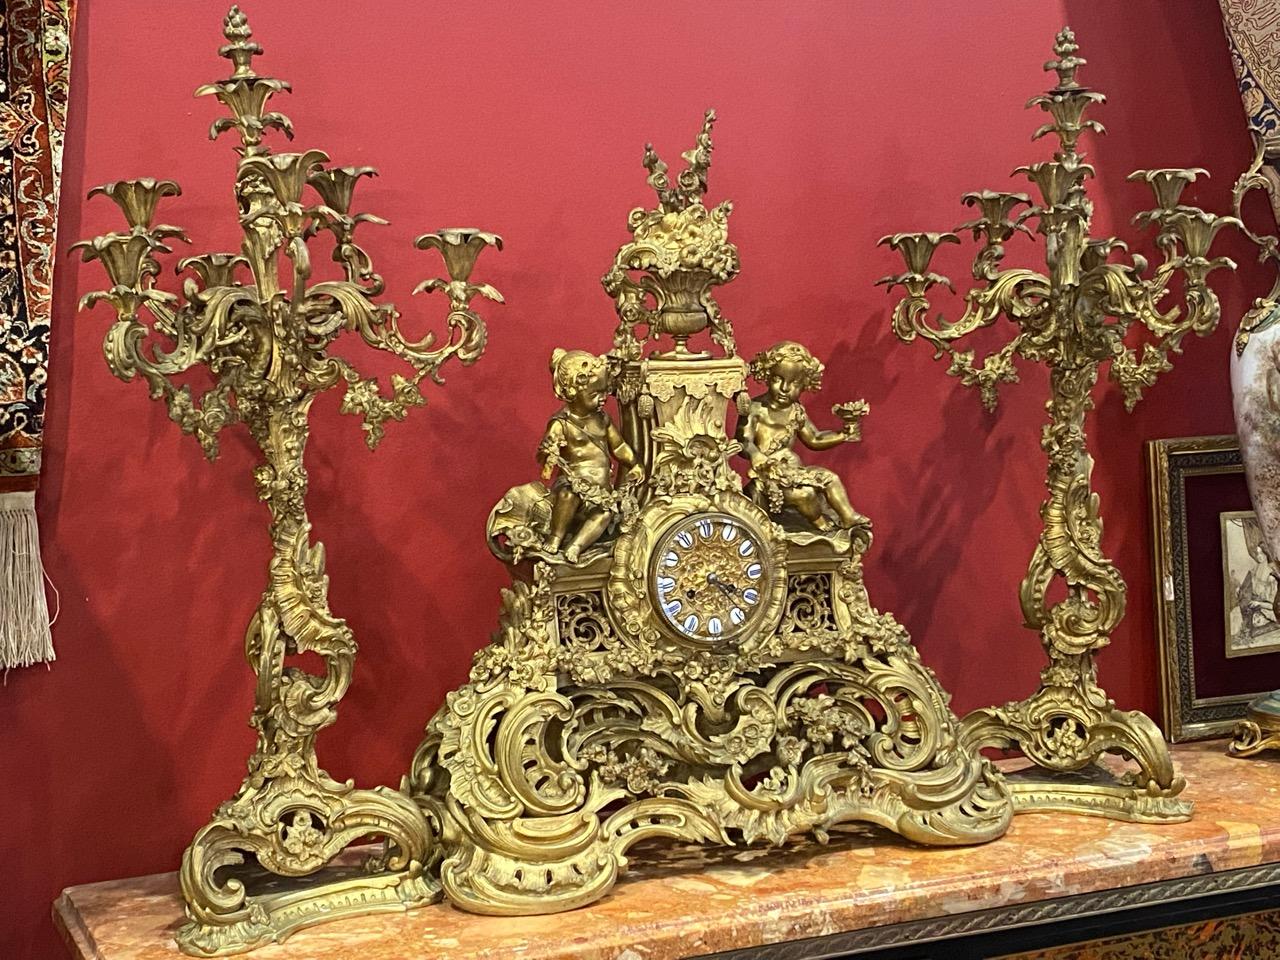 Wunderschöne kaiserliche antike französische vergoldete Bronzegarnitur mit Uhr und einem Paar Kandelaber, sehr fein von Hand gearbeitet mit schönem floralem Muster und schönen Engeln, sehr dekorativ für ein Palasthaus.
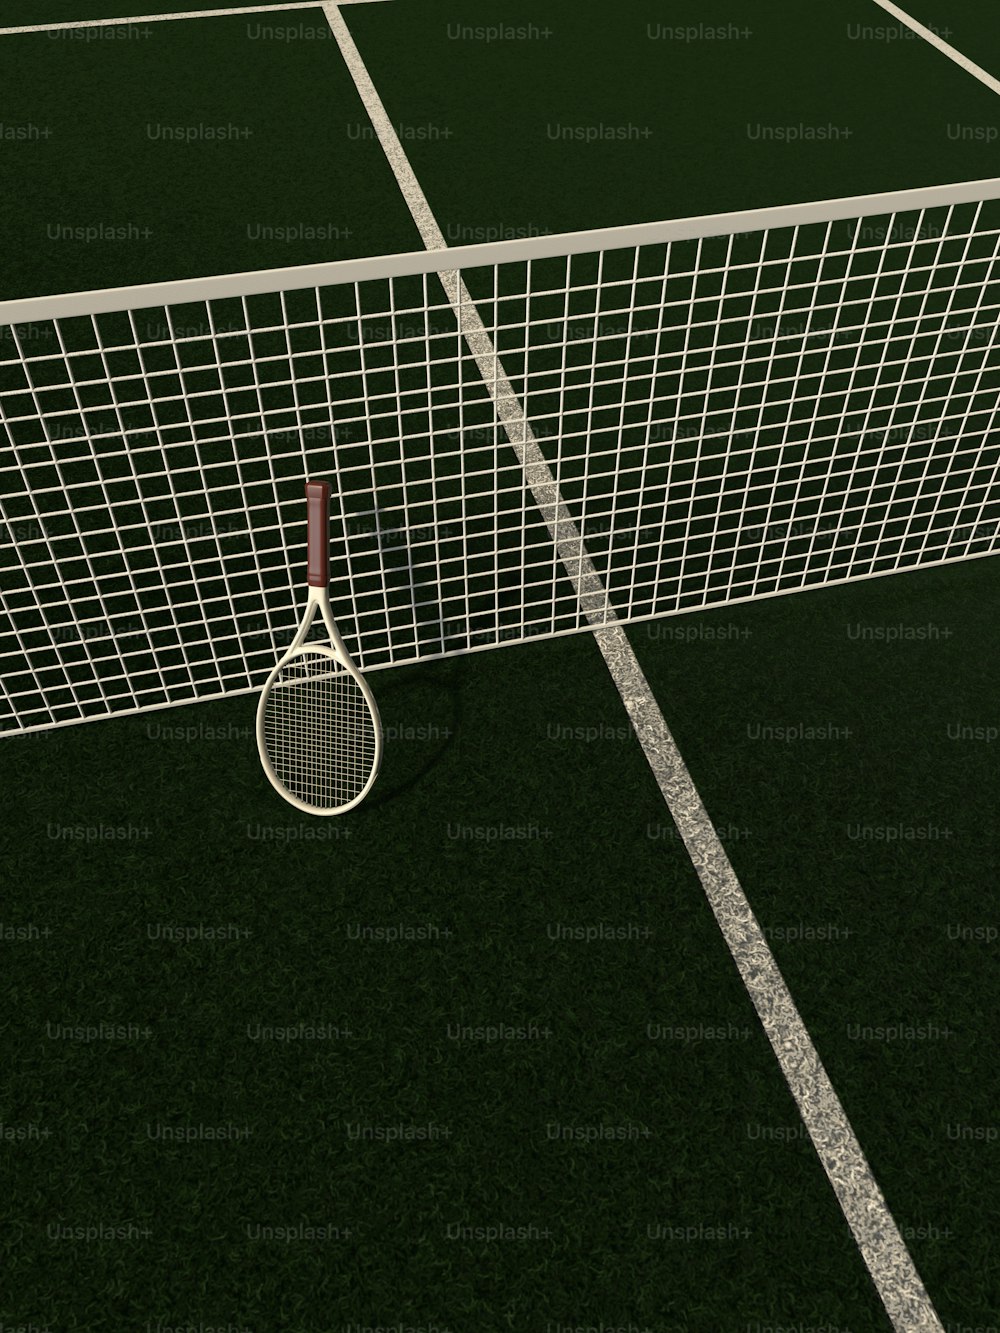 ネットとテニスボールのあるテニスコート
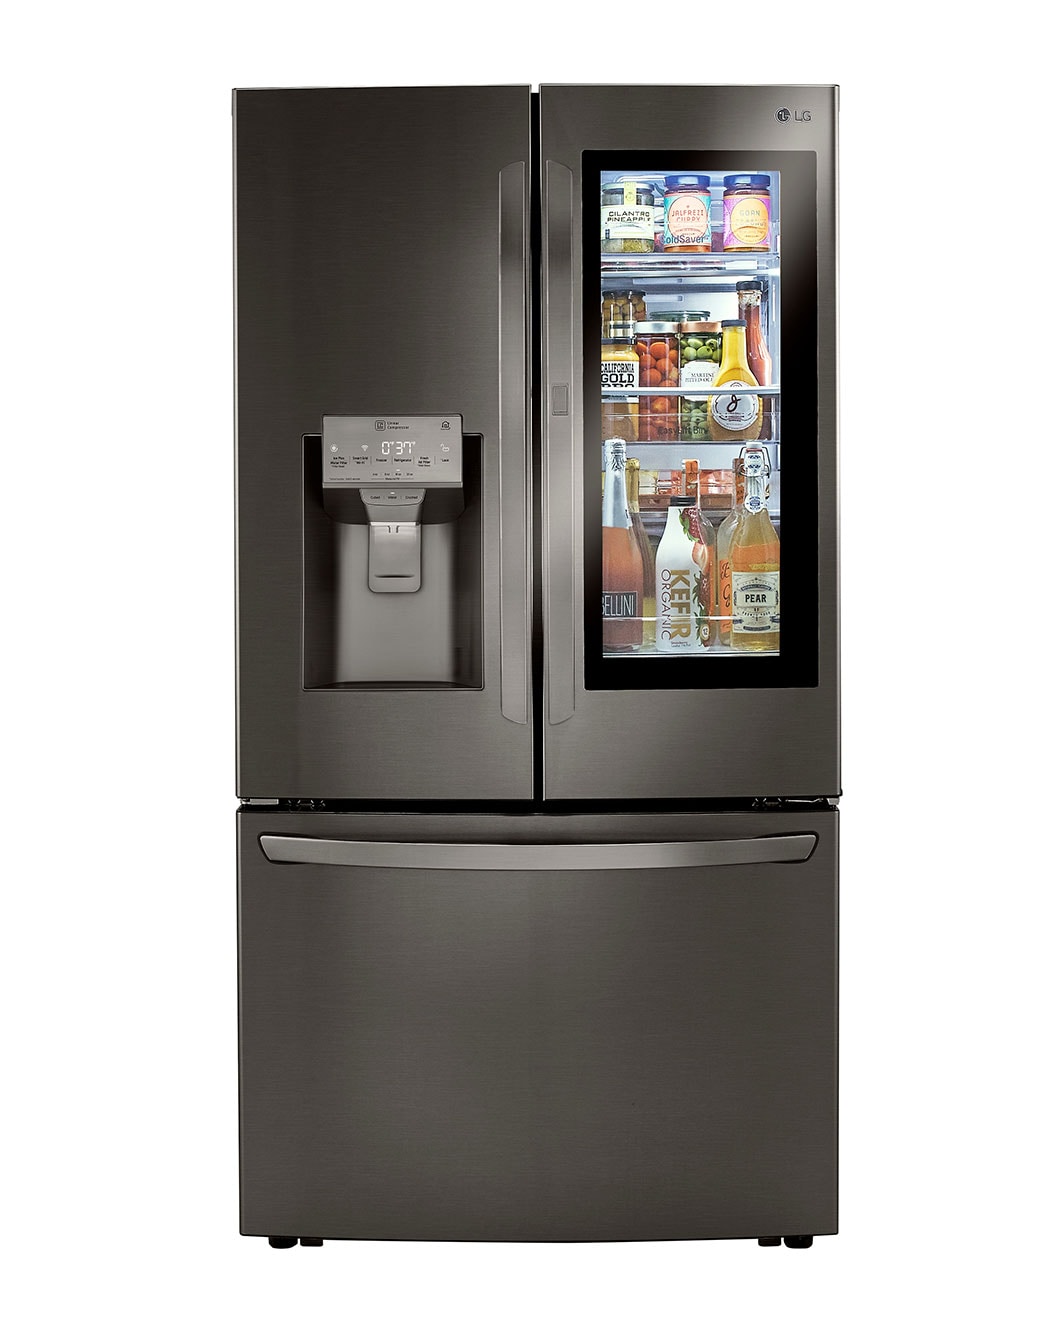 Tipos de refrigeradores para cada espacio – The Home Depot Blog

• [TASK TO COMPLETE] Apart from its pictures, the data is to be repeated exactly.

• [ANSWER AREA]
 Wunderschöne kaiserliche antike französische vergoldete Bronzegarnitur mit Uhr und einem Paar Kandelaber, sehr fein von Hand gearbeitet mit schönem floralem Muster und schönen Engeln, sehr dekorativ für ein Palasthaus.
 ネットとテニスボールのあるテニスコート
 Tipos de refrigeradores para cada espacio – The Home Depot Blog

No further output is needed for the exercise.